I have been teaching electronics for 40 years and written 25 books with sales of over 750,000 copies. My website has reached 22,000,000 visitors.
No-one has yet said I have been wrong.
To start with, negative feedback REDUCES the overall effect.
Show me one book where it states the emitter resistor provides NEGATIVE FEEDBACK.
You are getting confused with the common emitter stage where the emitter resistor provides EMITTER DEGENERATION.

I believe there are different ways to analyze a common collector respectively emitter follower circuit, depending on how the transistor is modelled in the equivalent circuit. I don't remember a specific text book, but describing the circuit behaviour as amplifier with internal (negative) feedback sounds quite familiar to me. Isn't it an intuitive explanation for the stable voltage gain and high linearity of this circuit?

I have no problems if you prefer a different approach to explain the operation of the circuit. But no reason to fight other explanations.

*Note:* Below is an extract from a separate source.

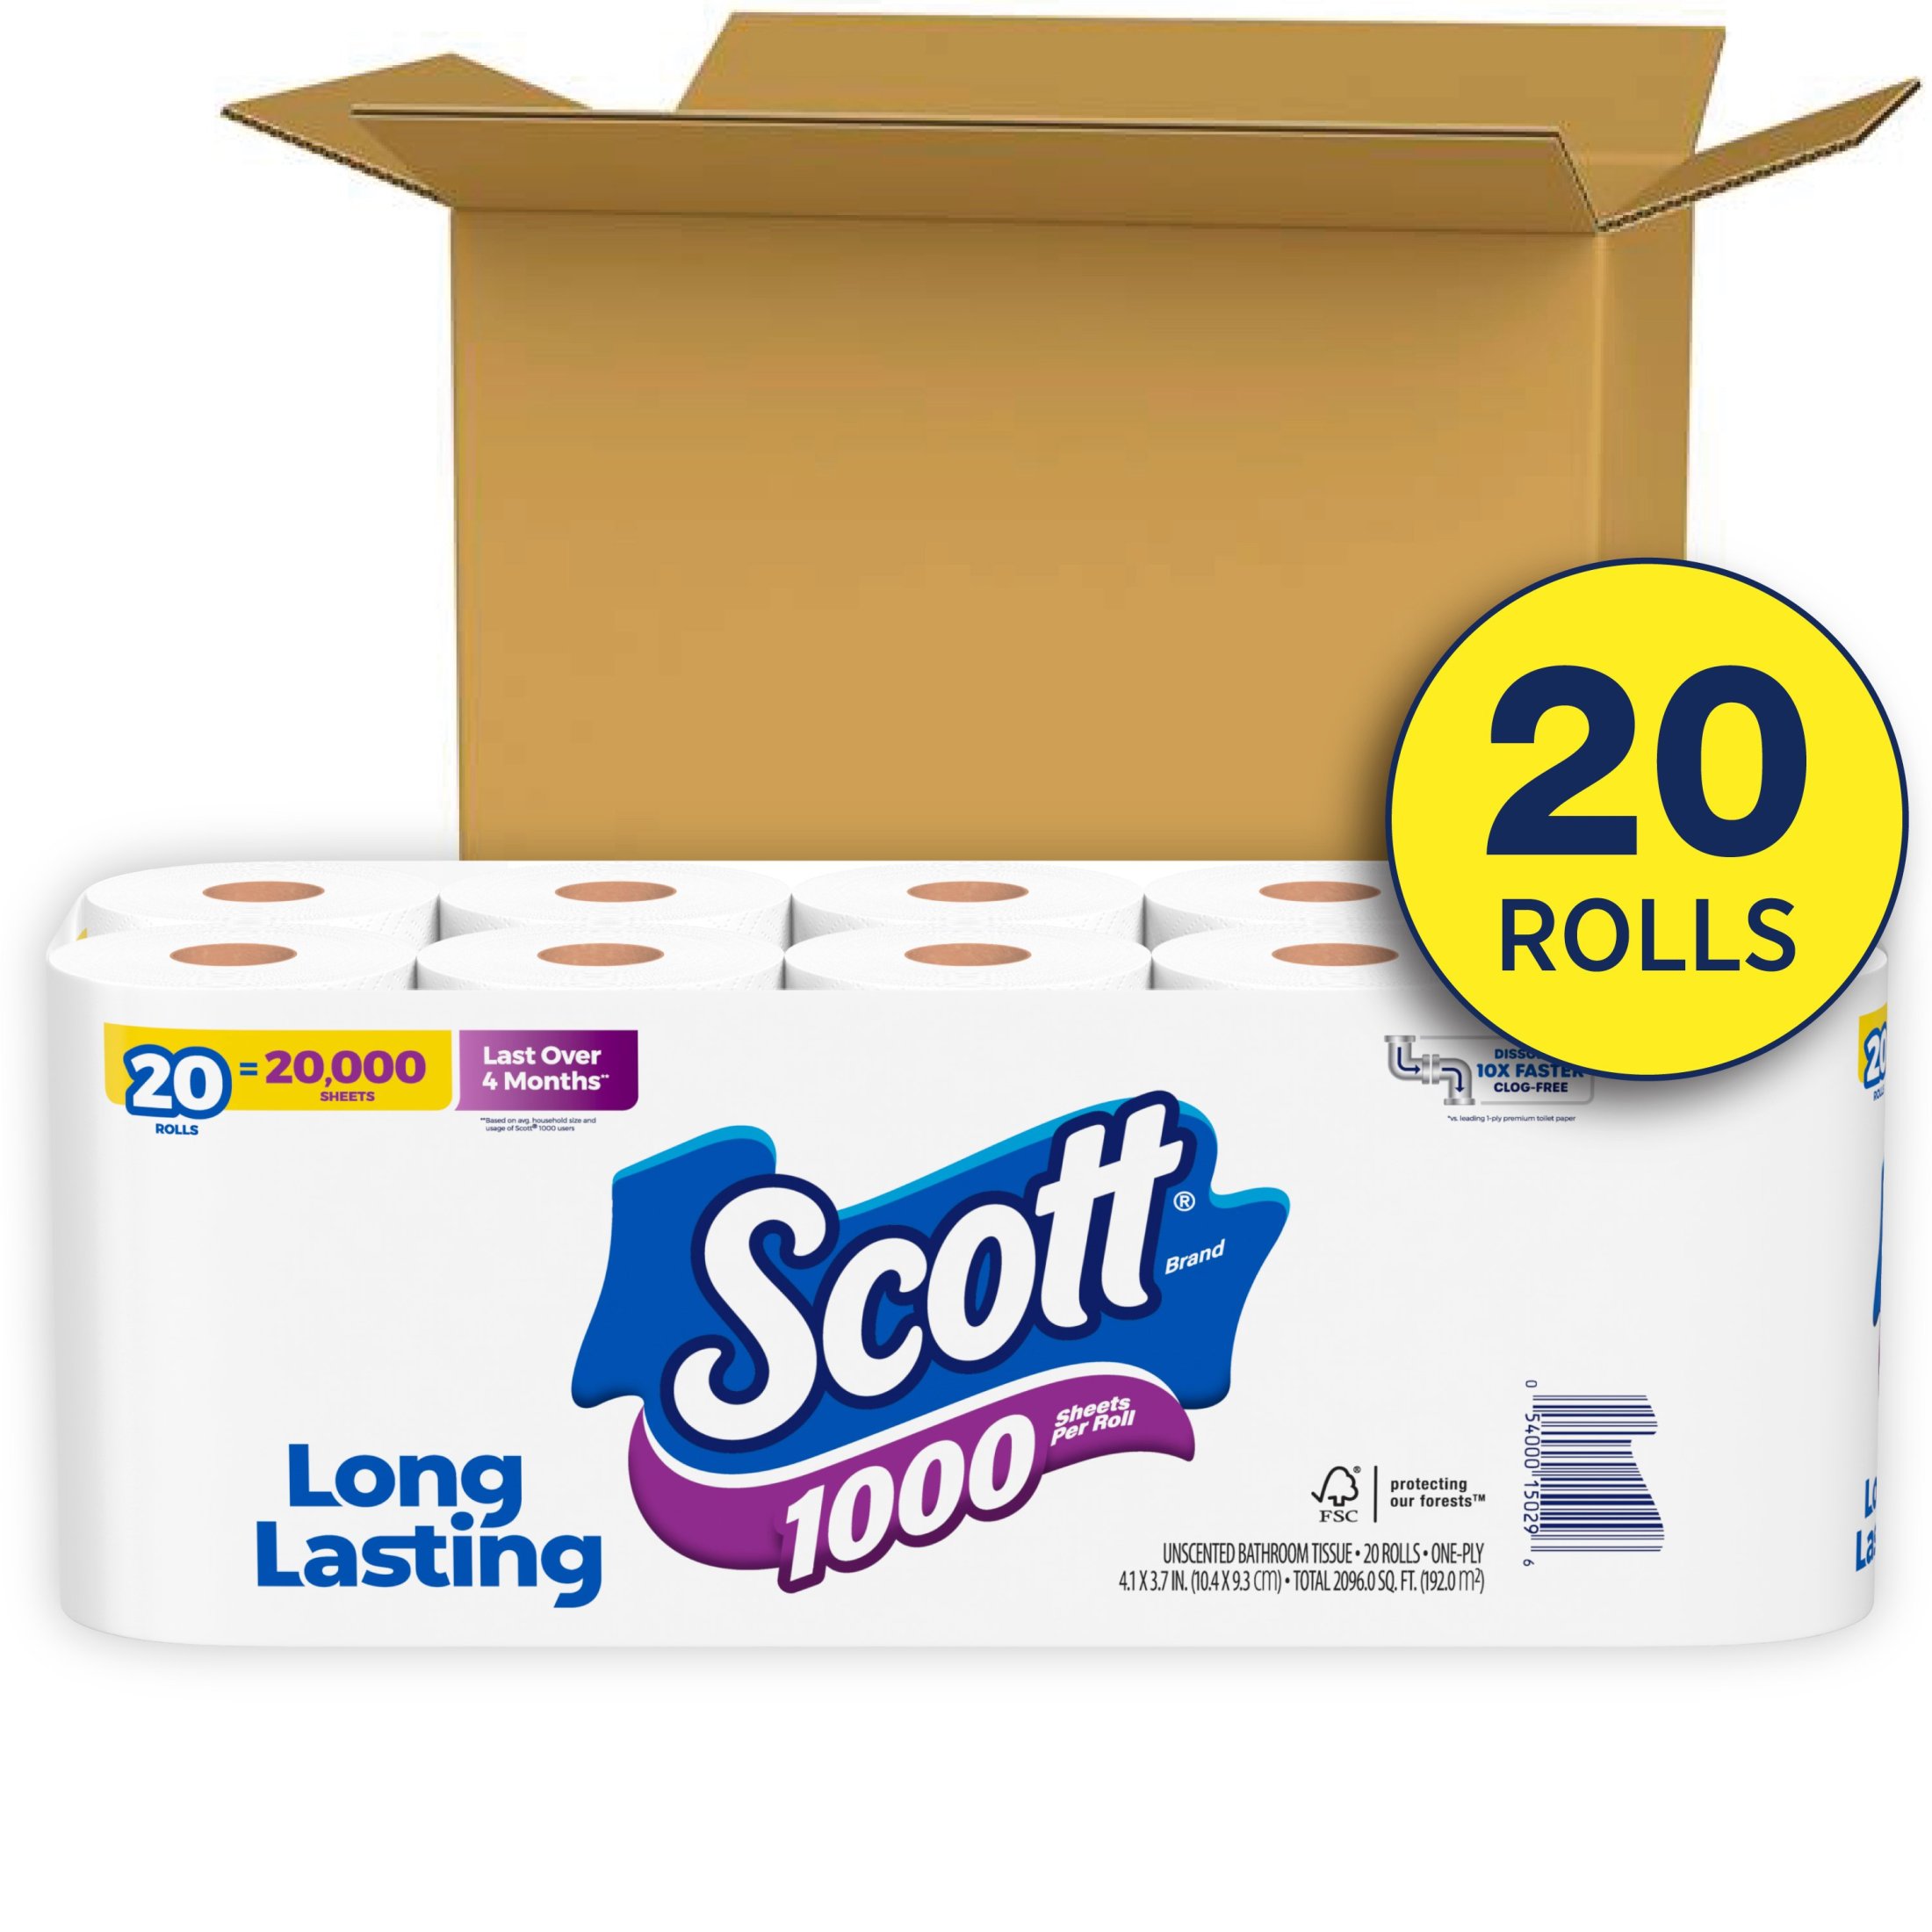 Scott 1000 Toilet Paper, 20 Rolls, 1,000 Sheets Per Roll - image 2 of 10
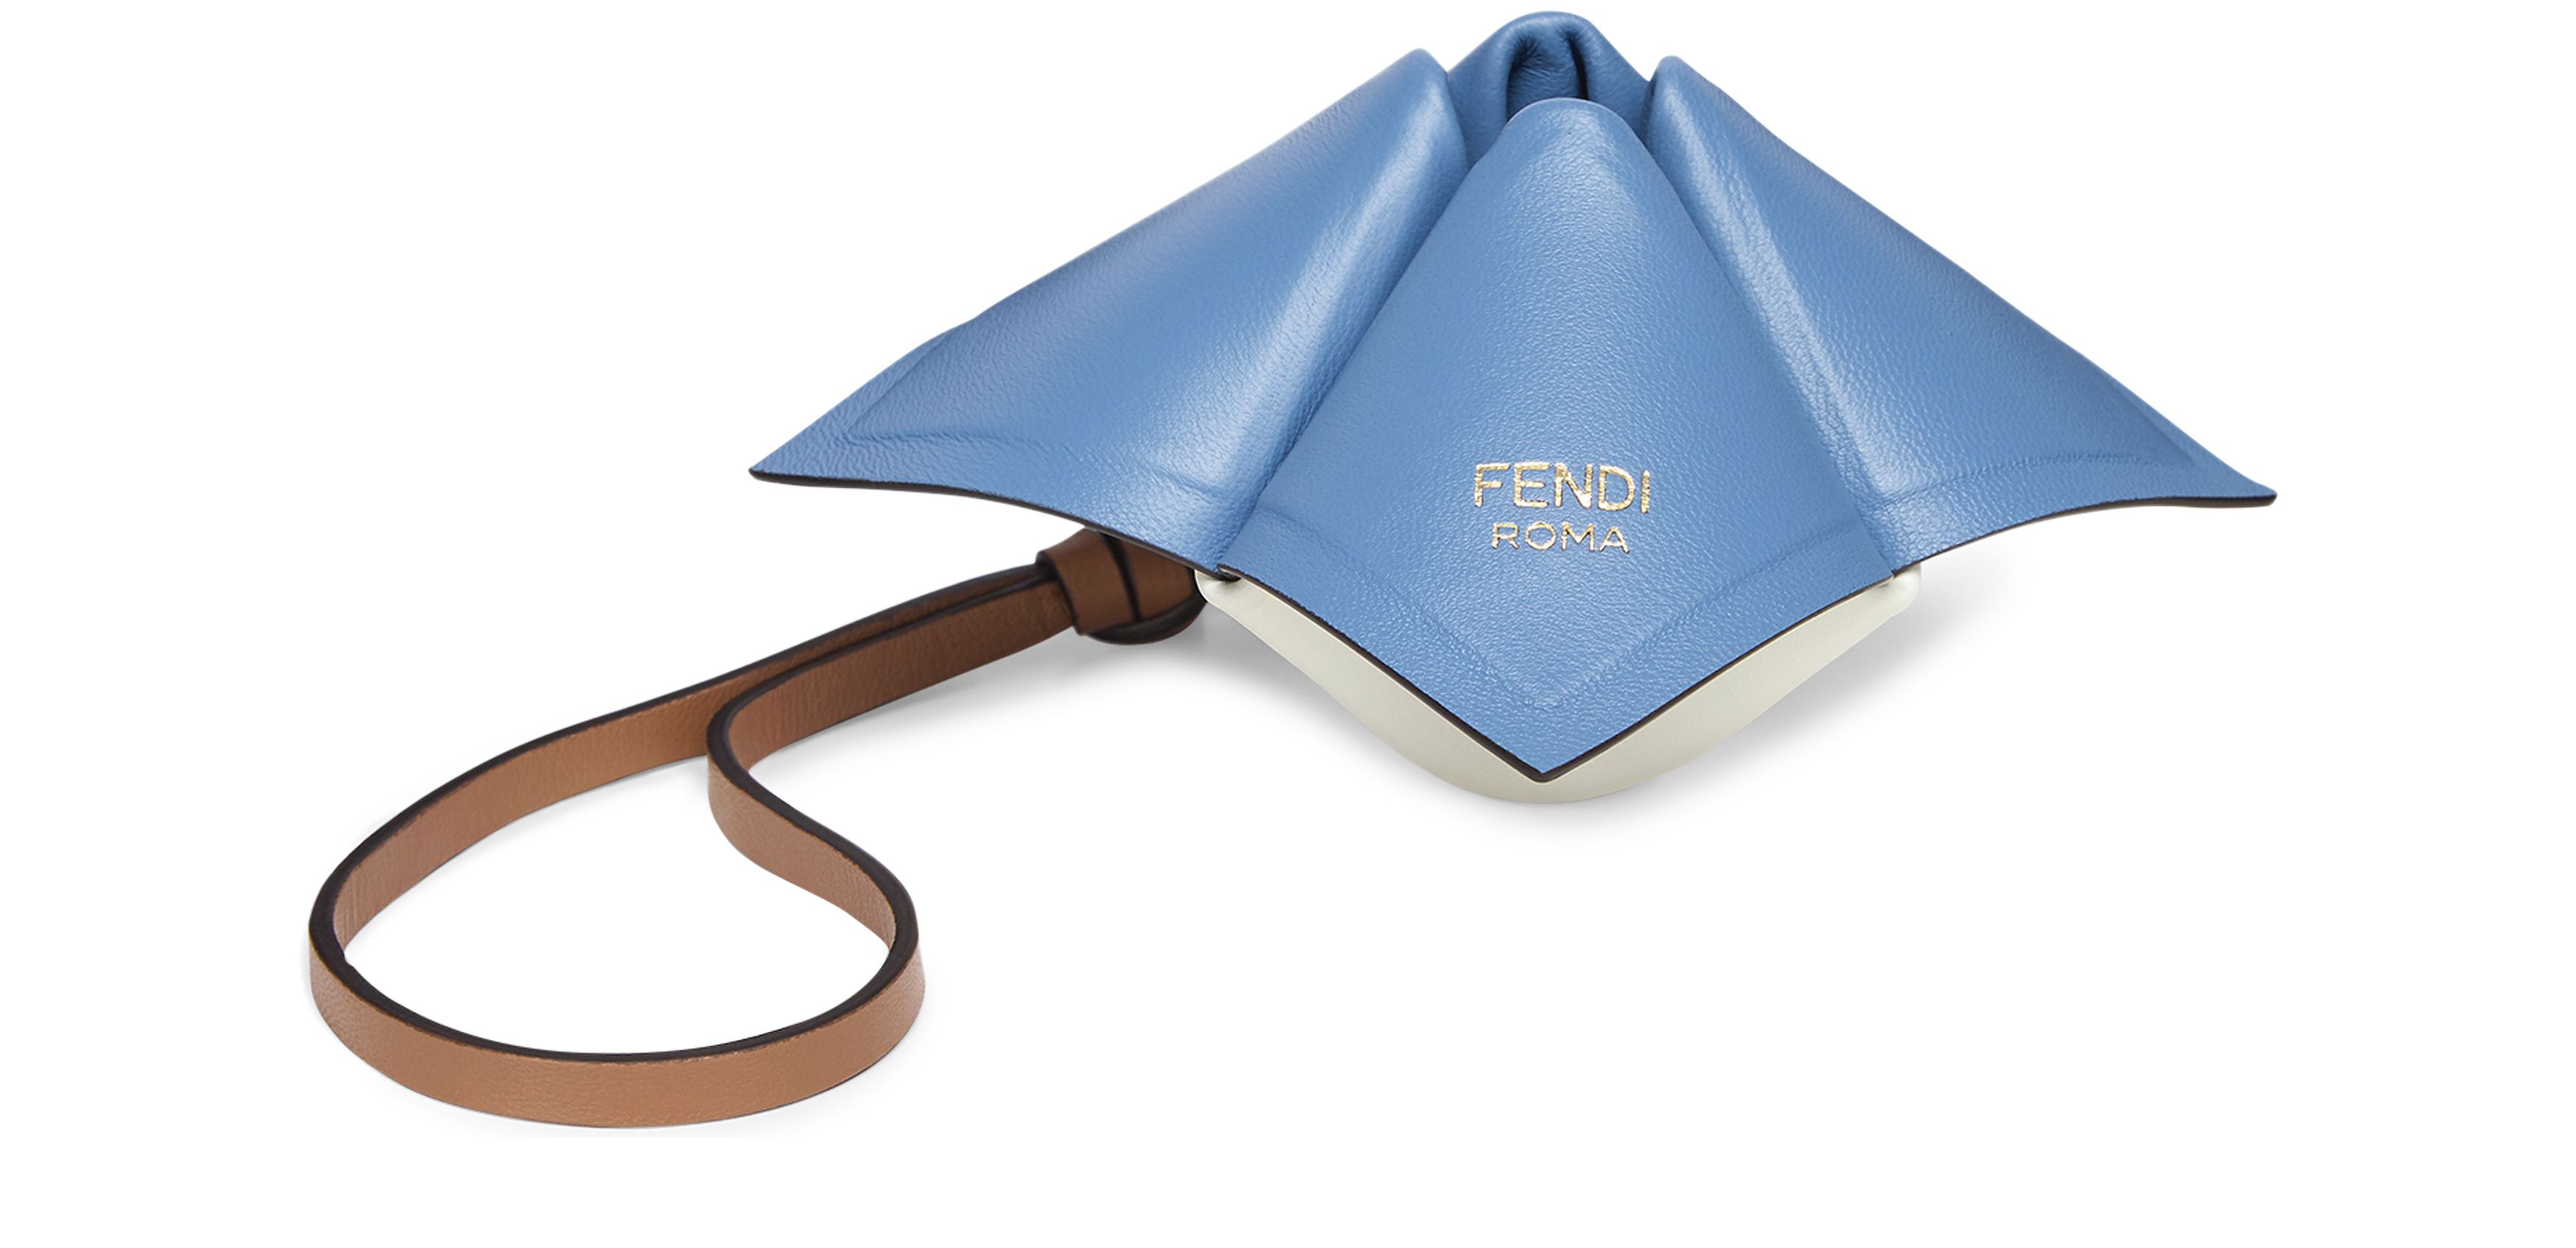 FENDI Fendi Fortune Teller Charm

An emitter-follower is a piece of wire that has current gain.

colin55 said:

You are completely wrong in your reasoning.
I have been teaching electronics for 40 years and written 25 books with sales of over 750,000 copies. My website has reached 22,000,000 visitors.
No-one has yet said I have been wrong.
To start with, negative feedback REDUCES the overall effect.
Show me one book where it states the emitter resistor provides NEGATIVE FEEDBACK.
You are getting confused with the common emitter stage where the emitter resistor provides EMITTER DEGENERATION.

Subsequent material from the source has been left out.